Но кое-что из этого все же вышло. Там вместе сидели националисты, левые и либералы и страшно гордились тем, что они все вместе против Путина. И это было ровно то же самое, что у диссидентов в СССР, где были левый либерал Сахаров и левый националист Солженицын, в эмигрантских журналах, в полемике «Континента» Владимира Максимова и «Синтаксиса» Андрея Синявского, и в дореволюционной Государственной думе, где сидели кадеты, националисты и эсеры, и, в конце концов, в полемике славянофилов с западниками. Все они всегда были против друг друга и вместе против Николая I, II, Брежнева, Путина и, сидя то в легальной оппозиции, то в подполье, страшно гордились, что они такие разные, а вместе, и это как в Европе в парламенте.
Но дело в том, сколько этим, сидящим на Чистых Прудах, было лет. Люди моего возраста туда заходили. А сидели там молодые люди, 17–25 лет. Они очень увлеченно все обсуждали, потому что для них все было страшно новым. Прямо совсем свежий народ. Дело не в том, что это молодежь — я не любитель молодежи, и не очень люблю свою молодость. Но это были очень интеллигентные дети.
У нас все 1990-е и даже 2000-е был вопрос о том, что будет с интеллигенцией. Интеллигенция так устроена, что она против власти, но крах советского режима вроде как это прекратил. Конечно, можно было что-то критиковать, и основания для этого всегда найдутся, но по большому счету альтернативы принципам свободы, демократии и частной собственности всерьез не просматривалось. Считалось, что теперь все будут постепенно превращаться в западных интеллектуалов, людей, которых не отделяет от государства идеологическая пропасть, у которых иная повестка дня. И надо сказать, так и происходило. Кто-то уезжал на Запад, кто-то оставался здесь, но сама по себе политическая тема явно уходила из интеллектуальной жизни. Кстати сказать, поколение людей, которым сегодня от 30 до 40,— это, по-моему, сплошь политические пофигисты, и на митингах легко встретить людей старше или младше, а эти как-то вообще не понимают, как можно думать о такой лабуде, как Путин.
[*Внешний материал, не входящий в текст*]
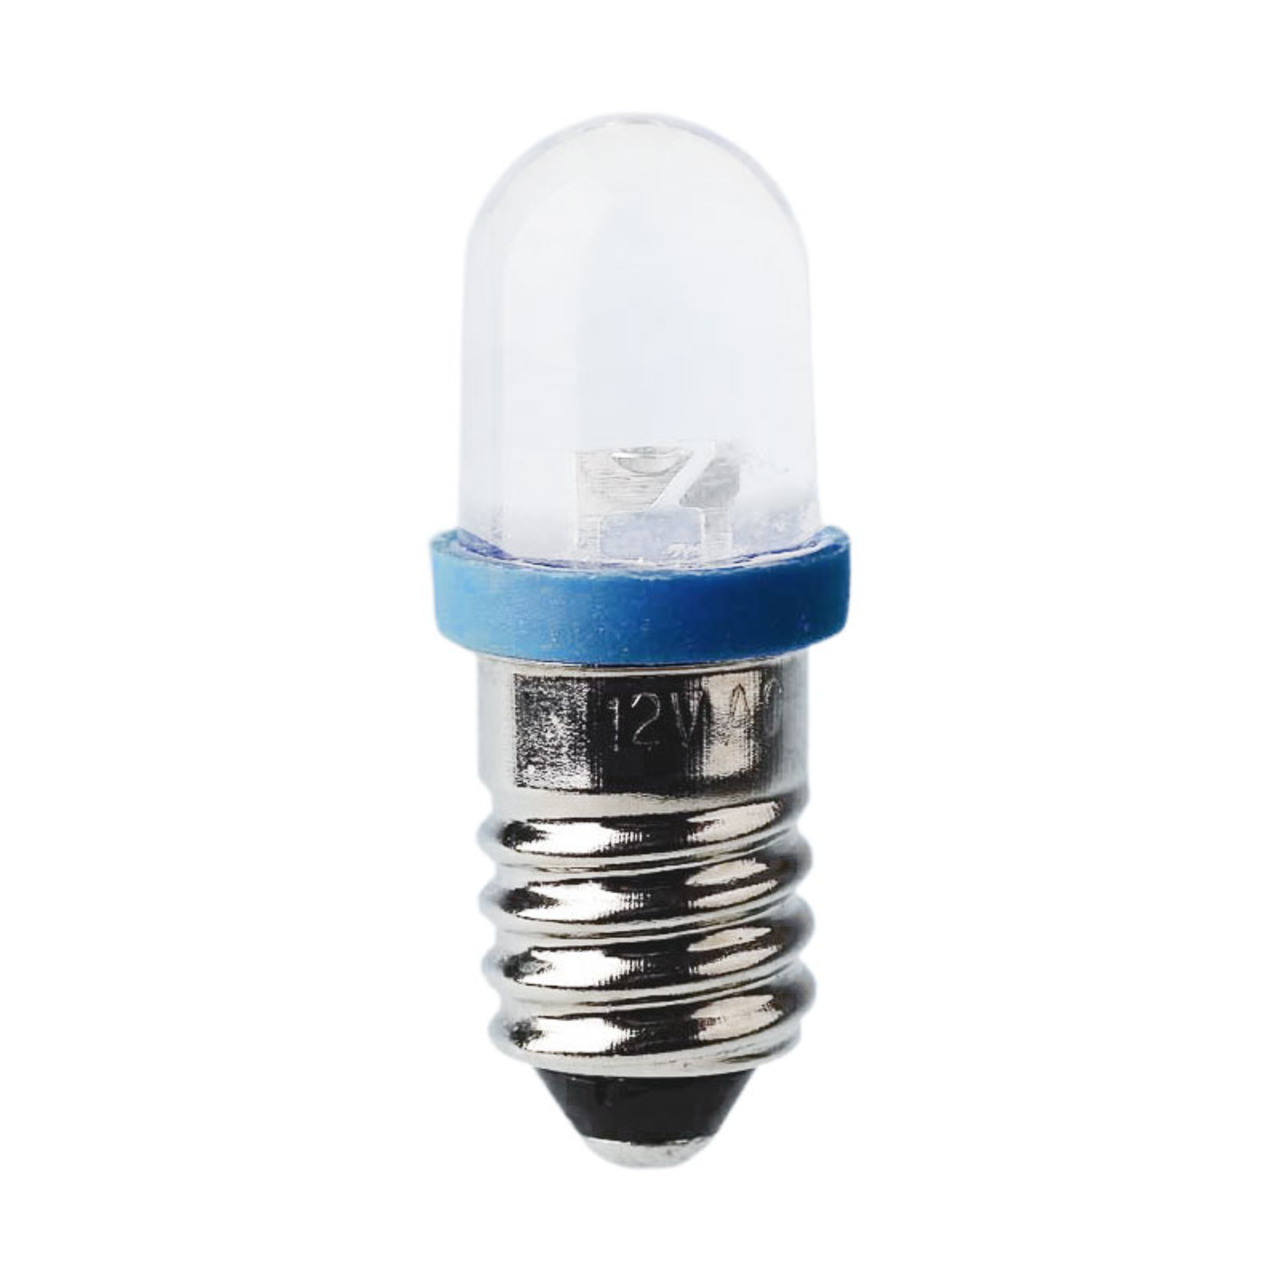 LED Kleinlampe Sockel E10- 10 x 28 mm- 12 V- grn

Я бы даже заметил, что мы как-то постепенно подбирались к теме. Молодежь на нынешних митингах появилась сразу, но их как-то не могли обозначить. Сначала возник термин «гламурная революция». Не то чтобы эти дети ходили на митинге в диорах и шанелях, но все ж таки внешне они больше походили на картинки из журналов, чем традиционные пятидесятилетние яблочники и коммунисты. Потом появился термин «креативный класс», заимствованный у Ричарда Флориды, и можно много сказать на тему о том, как это уместно и не уместно. На Чистых Прудах все стало ясно.
На Чистых Прудах произошло воспроизводство русской интеллигенции. Она обратно есть. Из этих детей больше ничего другого не выйдет. Они могут мимикрировать под западных интеллектуалов, под креативный класс, но при этом они все равно будут с высоты своего образования, опыта, знания языков и других стран как подорванные думать о том, что делать с Россией. Это теперь будет молодежная тема, и кто не был на Чистых Прудах, будет искать где-нибудь что-нибудь похожее. Или делать. Не знаю, почему это радует. Вообще-то передавать друг другу лучину света в темном помещении — довольно дурацкая игра. Но там такие правила, что у кого погаснет, тот проиграл. А у нас не погасло.